- Aim of the task -
Of all the lines below, return only those starting with the line holding "ชุดห้องนอน ขนาด 6" and going on through the line holding "Yellow gold pendant, 3.73", exactly as written.

[Exercise data — start]

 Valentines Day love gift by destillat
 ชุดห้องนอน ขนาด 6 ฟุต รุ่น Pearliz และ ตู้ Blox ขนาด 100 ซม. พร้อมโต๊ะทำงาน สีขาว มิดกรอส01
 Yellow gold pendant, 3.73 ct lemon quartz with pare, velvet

[Exercise data — finish]
[Exercise data — start]

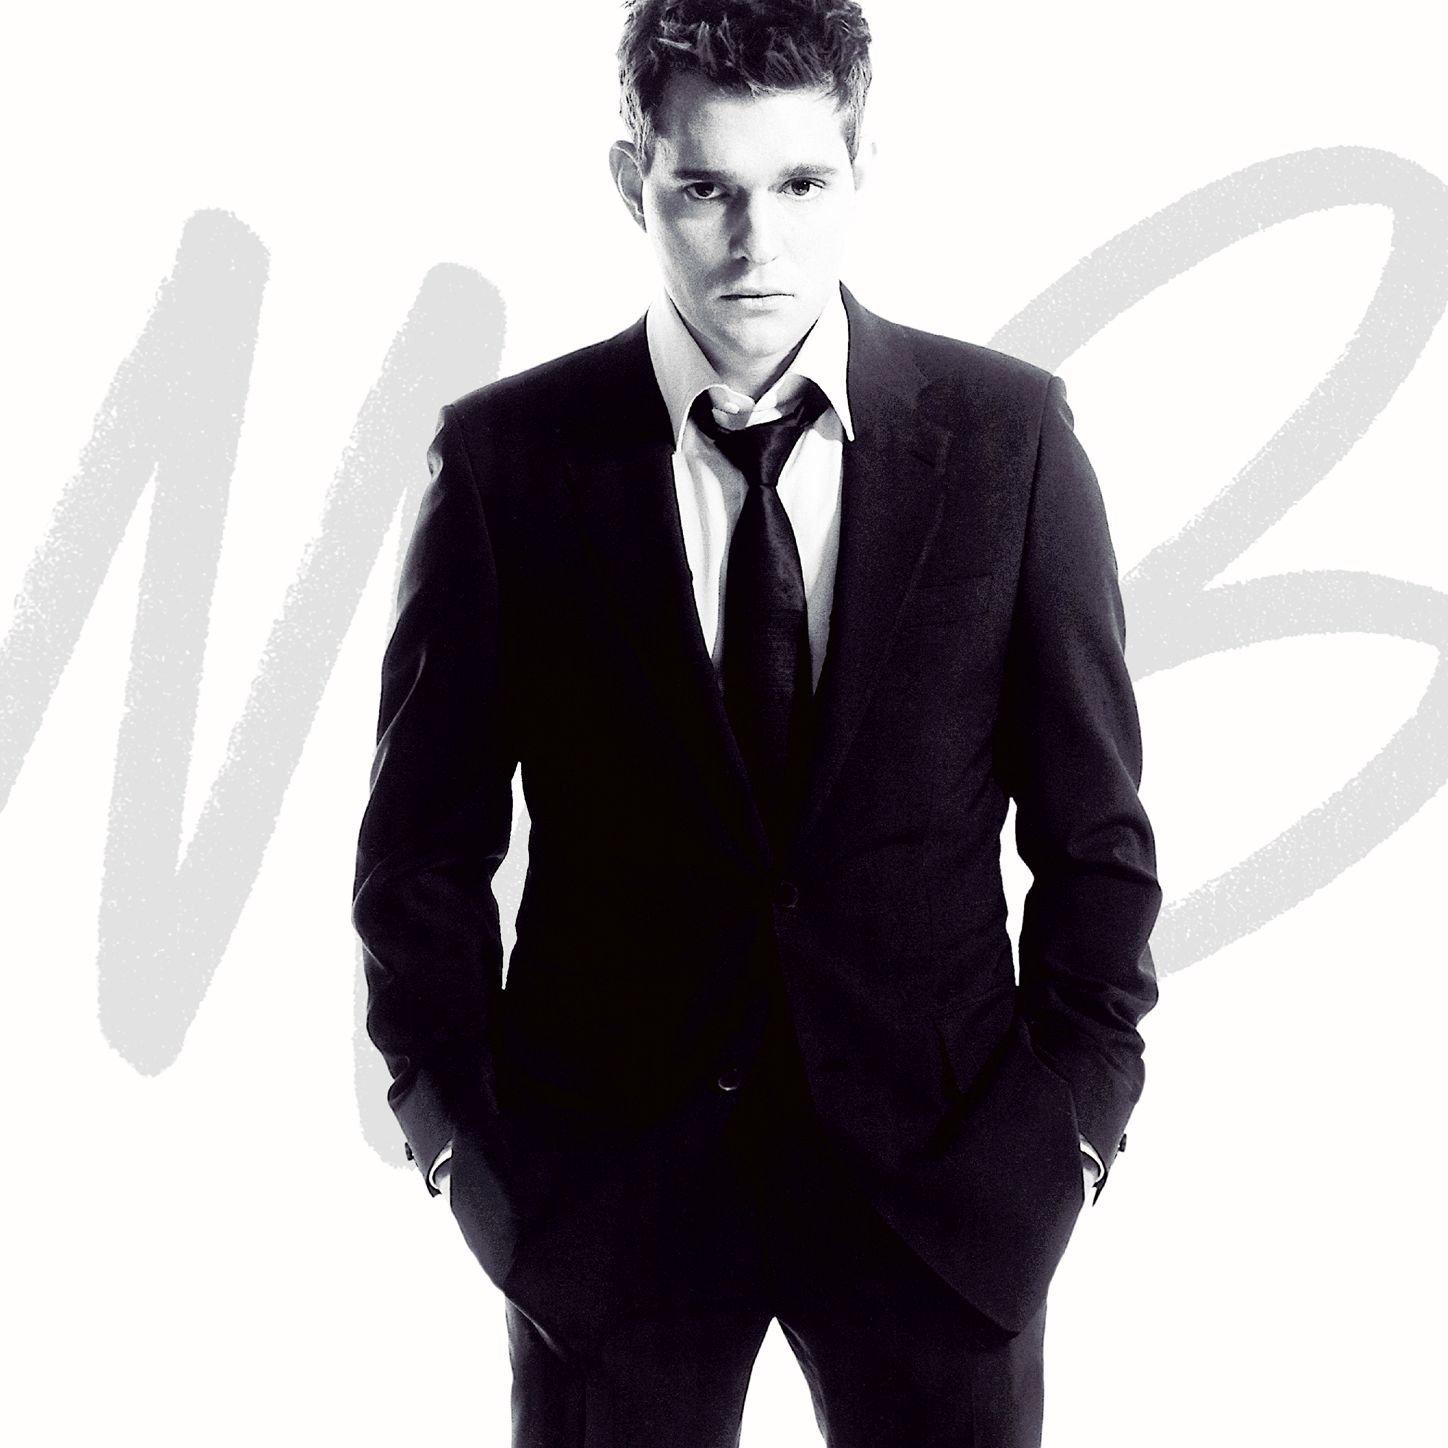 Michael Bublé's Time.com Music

[Exercise data — finish]

- Solution to this exercise -
 ชุดห้องนอน ขนาด 6 ฟุต รุ่น Pearliz และ ตู้ Blox ขนาด 100 ซม. พร้อมโต๊ะทำงาน สีขาว มิดกรอส01
 Yellow gold pendant, 3.73 ct lemon quartz with pare, velvet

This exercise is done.